A gleeful and often hilarious carnival of cliché parades through these pages. Airline food is tasteless, parents are conservative, white women are patronising, school is where one learns 'the white man's wisdom', British people all have brown, misaligned teeth. About halfway through I realised I was reading a truly brilliant piece of satire, and it just got better and better (and more mercilessly irreverent) as it went along.
When Augustina is permitted to return to school for 'five more years of the white man's wisdom' she is delighted. The contrasts in this scene disrupt both the Liberal framing that assumes education needs to be given to African people by White saviours, and the underlying assumption, often replicated by more radical thinkers, that such people are naively receptive and cannot read whiteness or critically engage with its texts (including myths like the White saviour and colonial educational materials). Augustina enters the colonial relationship of further education more or less agentically, and although its effect on her fate is dubious, Nwaubani thereby highlights the complex mesh of intentions and influences at work in Nigerian lives.
Dismissing stereotypes is arguably what this book does best, often by playing them out to the furthest edges of absurdity, sometimes incorporated into a mere offhand remark “When I was a child, we had watched a documentary about an East African tribe who spoke with clicks and gurgles instead of real words” (Africa ain't a country, folks). Nwaubani is similarly brutal and ingenious in her criticism of Igbo patriarchy, having protagonist Kingsley describe his Aunty Dimma as 'a terrible wife' (although 'a lovely person' in every other way) because she is an independent woman, wearing trousers, buying herself a car and other aberrations. This relentless jesting with racism and sexism as its butts often reveals the histories of oppressive tropes. It's wonderful to see shoddy white behaviour and misperceptions from a Nigerian perspective. Nwaubani generously allows the white reader a belly-laugh at our own expense, sweetening the self-interrogation that will hopefully follow.

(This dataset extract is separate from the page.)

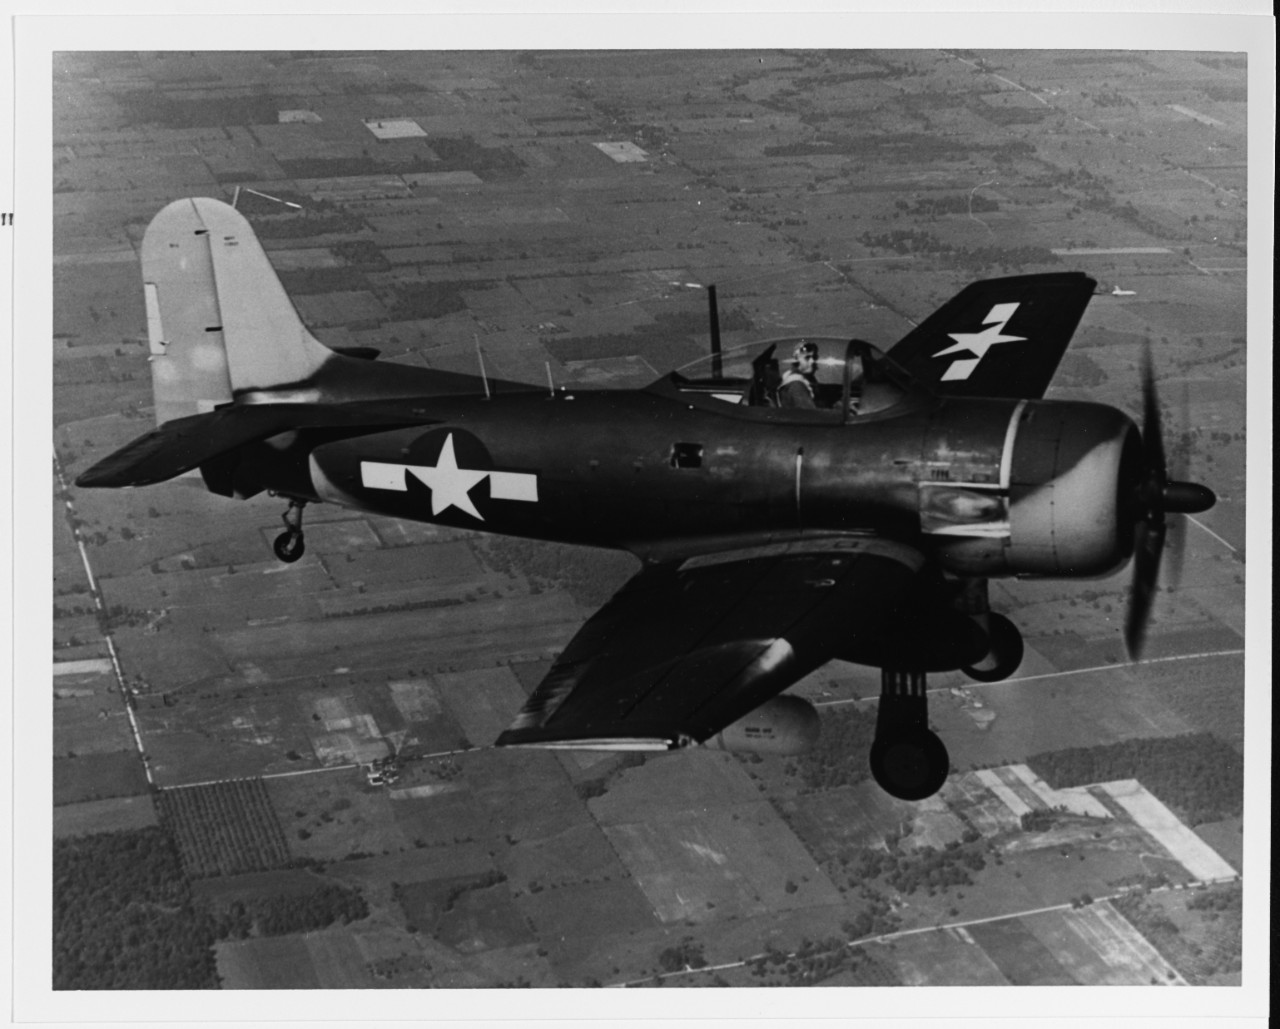 Curtiss SC-2 "Seahawks"

Several characters are pure archetypes. Uncle Boniface/Cash Daddy is involved in government corruption, uneducated but effectively supporting his academic relatives, with bleached women attending him, and a total lack of social grace – Nwaubani graphically portrays him continuing business negotiations while ahem using the bathroom facilities (and then proceeding to eat without washing his hands). Kingsley's father, Paulinus is colonised to the point of thinking everything English superior to everything Nigerian. When he has a stroke, his family are astonished that he starts speaking Igbo, a language they've never heard him use. Some of his attitudes have clearly rubbed off on Kingsley and Augustina, but at least Kingsley regards skin-bleaching with disapproval. For much of the novel, he seems a bit of a mugu. He completely loses his head over money, with no sense of proportion or the pride and integrity his mother values. However, Nwaubani allows him a degree of character development and self awareness, taking the book beyond farcical comedy to greater depths.
The theme of 419 scams is used ingeniously and critically. It's easy enough to point out that these tricks work on people's greed, and sometimes on the desire to 'help Africa' which Kingsley sees as the 'weakness' of caring, but structurally this caring is exploitative, an emotional extraction that functions on multiple levels in the globalised neocolonial economy. It's true that Cash Daddy et al have excessive faith in the social safety net of the UK and no doubt the US too. The welfare state in the UK has been undergoing a demolition since its inception, varying in speed and priorities but rarely in direction. There's plenty of real grinding poverty here, with increasing numbers of people dependent on food banks, including members of the working poor. The characters are amusingly ignorant about other countries too, for example they mention Iranians speaking 'Arabic' (Nwaubani nudges in a corrective hint) and 'beheading' convicts. However, Iranians are not good mugus. Since they aren't white, they are too smart to be scammed.
Going further, Nwaubani shows that men like Uncle Boniface/Cash Daddy cannot be seen simply as a blight on society: 'it depends which part of the elephant you can feel', Kingsley offers. The 419-ers take care of huge networks of relations, extending such kinship bonds to 'one old woman in your village'. They fund schools, fix roads, pay medical bills, and generally take the place of the absent neocolonial state, by pulling back a proportion of the resources stolen from Africa by coloniser states. It's not unreasonable to see them in the role of Robin Hood. When Kingsley buys Cash Daddy a small gift, and through many other instances, Nwaubani touchingly reveals the genuine love that people have for him. As well as delighting me constantly with zany turns of phrase and keeping me turning those pages to discover the next twist in the thrilling plot, this novel challenged and changed my perspectives.